Table 4. DenseNet201 with KNN model performance measurements (±standard deviation) utilizing k-fold cross-validation.

k-Fold	Accuracy %	Sensitivity %	Specificity %	Precision
5-fold	96.4 ± 1.5	96.0 ± 1.6	96.6 ± 1.1	96.7 ± 1.5
10-fold	96.7 ± 1.6	96.6 ± 1.4	96.9 ± 1.5	96.8 ± 2.1
15-fold	96.6 ± 1.8	96.9 ± 2.1	97.1 ± 1.9	96.7 ± 2.3
20-fold	97.4 ± 1.8	97.0 ± 2.4	97.5 ± 2.5	97.0 ± 2.2

shows the performance of DenseNet-201 with KNN for 5, 10, 15, and 20 folds.

Table 5. Comparison between the proposed model and previous studies.

Paper	Classifier	FC Modelling	Method	Subject	Accuracy (%)
[28]	SVM	Static FC	Pearson Correlation	240	79.2
[13]	SVM	Static FC	Covariance matrix	871	67
[14]	DNN	Static FC	Pearson Correlation	1035	70
[29]	SVM	Dynamic FC	Wavelet coherence	54	80
[15]	DNN	Static FC	Pearson correlation	871	70.2
[16]	CNN	Dynamic FC	MRI	116	70.2
[1]	CNN + KNN	Dynamic FC	Wavelet coherence	72	89.8
Proposed Method	CNN	Dynamic FC	PFT	82	68
Proposed Method	CNN + KNN	Dynamic FC	PFT	82	96.7

shows that better results of accuracy, sensitivity, specificity, and precision are attained with ten folds (96.7%, 96.6%, 96.9%, and 96.8%, respectively). These results indicate that the model is not overfitted and has robust generalization capabilities with respect to novel data.

Table 5 presents additional performance comparisons for the binary classification of ASD vs. NC. Methods based on the static FC of the Pearson correlation [13,14,16] and the covariance matrix [28] achieve an accuracy of 79.2%, lower than the dynamic FC. The approach proposed in [1], which used time−frequency decomposition and input the WCT of putamen-R and 115 brain regions to a CNN, achieved an accuracy of 89.9%. This was a significant improvement of 9.8% compared to the [29] previous approach of Bernas et al., which used the same WCT with only seven brain networks and only in-phase components input to the SVM classifier.

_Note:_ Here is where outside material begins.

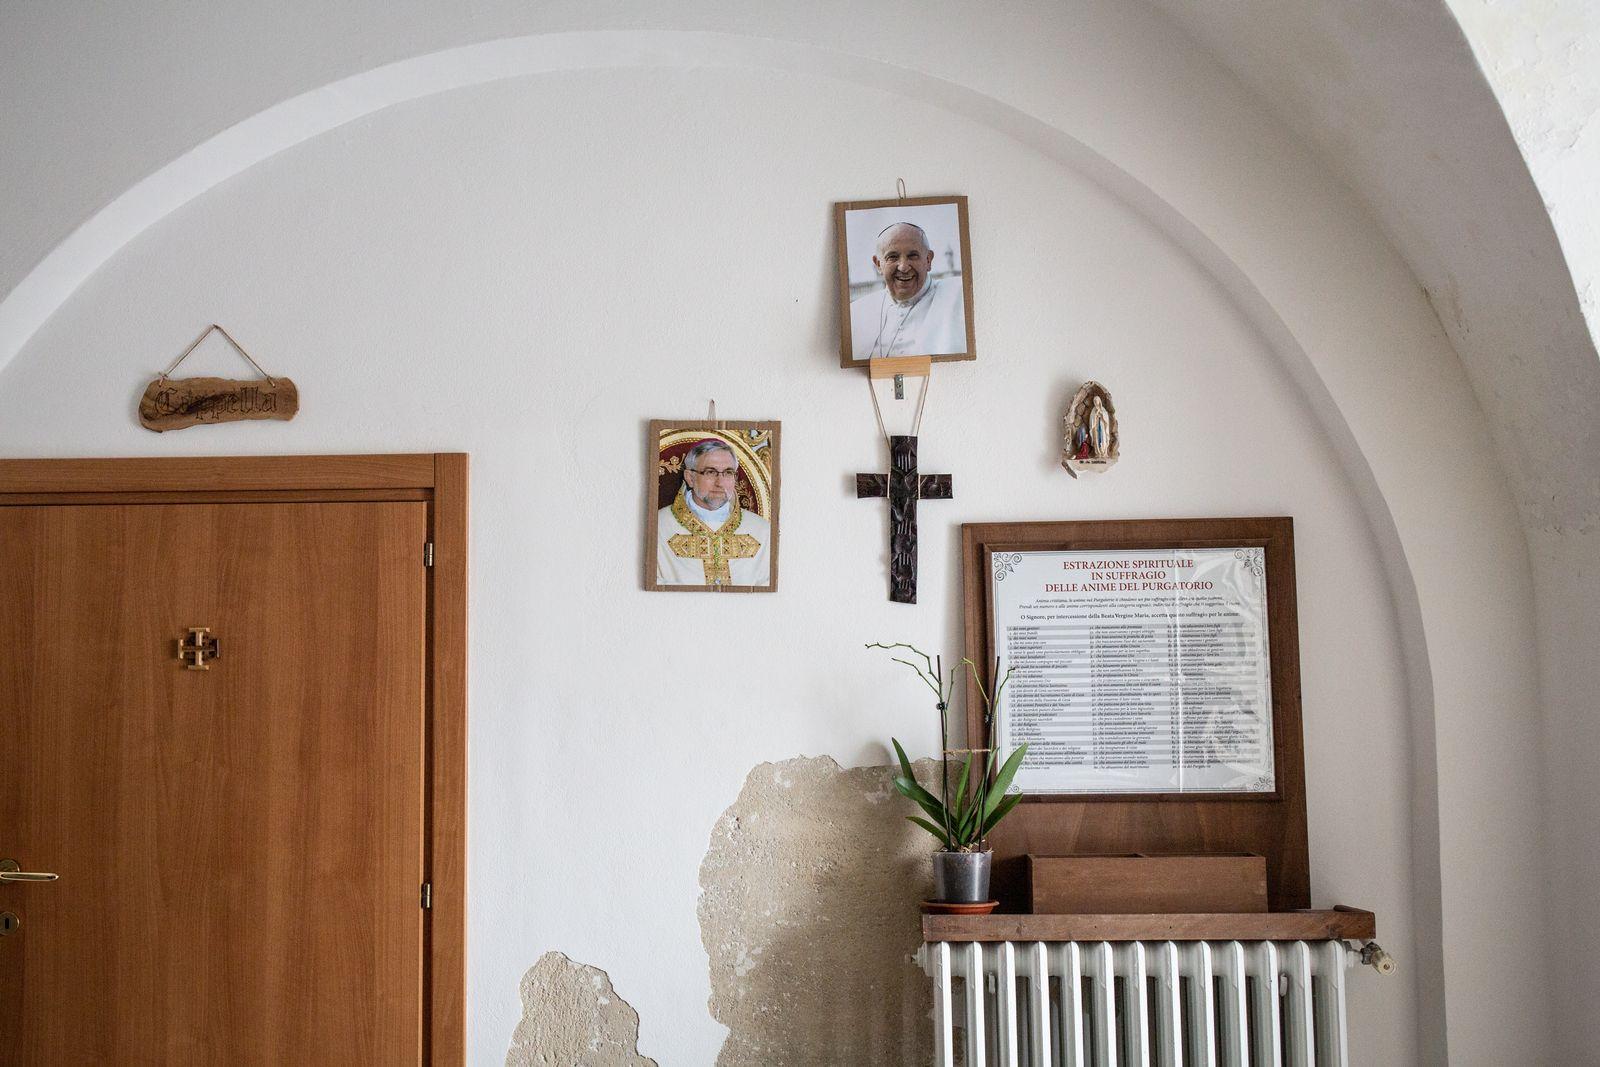 Italien/ Prostitution/ Nonnen

Previous ASD prediction models based on the Pearson correlation coefficients between BOLD signals [15] and structural MRI images [16] have been able to achieve 70.2% accuracy only. Similarly, using the time−frequency components of the BOLD signals by converting them to scalograms of 22 DMN brain regions and inputting them to a CNN with KNN as a classifier [1] has only achieved an accuracy of 89.8%. In contrast, our proposed model based on the PFT achieves an accuracy of 96.7%, which is 10.1% higher than the CWT scalogram-based approach demonstrated in [1]. Therefore, PFT provides better time-frequency decomposition of BOLD signals, with frequencies being more accurately detected in time compared to wavelet decomposition, as shown in Figure 2. Hence, for this purpose the PFT represents a better feature extractor than the wavelet decomposition.

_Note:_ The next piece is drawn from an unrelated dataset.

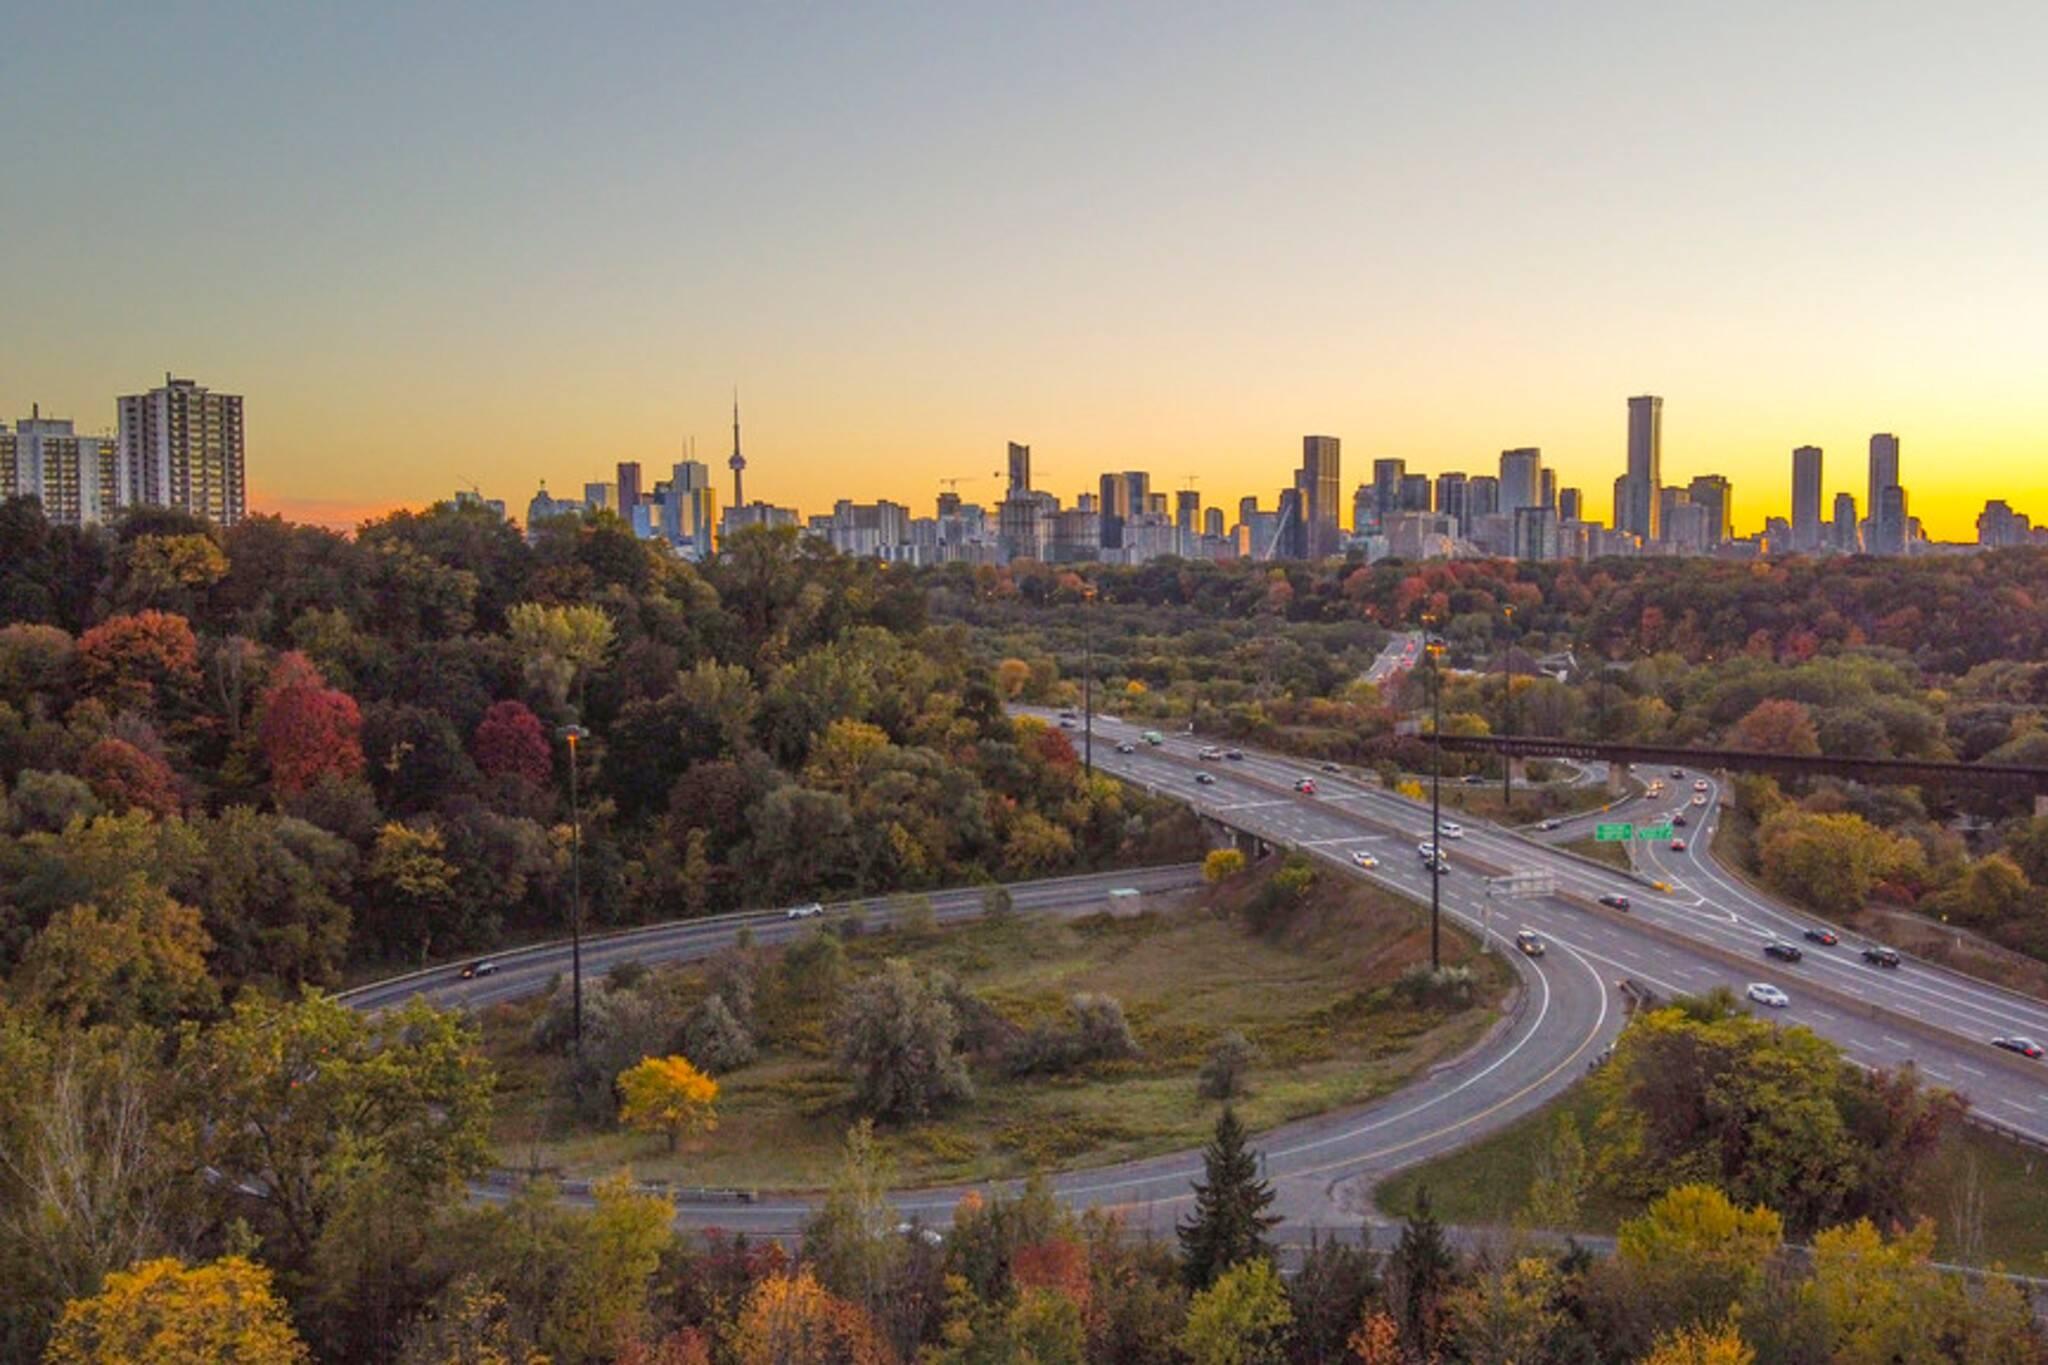 worlds best cities report

The proposed technique was tested with various pre-trained models and classifiers in order to improve its detection performance. Thus far, DenseNet-201 and 1-NN have yielded better results, as indicated in Table 1, Table 2 and Table 3. Using only the pre-trained model to classify images extracted from PFT leads to weak accuracy. The accuracy of our initial model was lower, primarily due to the small size of our dataset, which was insufficient for the pre-trained model. To achieve better results, it is necessary to use the pre-trained model as a feature extractor and then use another classifier to perform feature classification, as shown in Figure 6.

4. Conclusions

In this study, we utilized the temporal dynamic characteristics of the BOLD data from particular brain areas for ASD categorization. The PFT, which is effectively a 2D representation of the time−frequency component, was employed to derive the temporal dynamic features of the BOLD signals. Our proposed model provided the best classification results, outperforming other recently published approaches. The new progressive Fourier transform is able to produce clearer scalogram pictures, producing improved feature extraction and classification. Due to the inability to collect fMRI data in real time due to the complexity of the required technology and its high cost, this research used a previously available dataset for model evaluation. In our future research, we intend to focus on the use of IoT for ASD detection.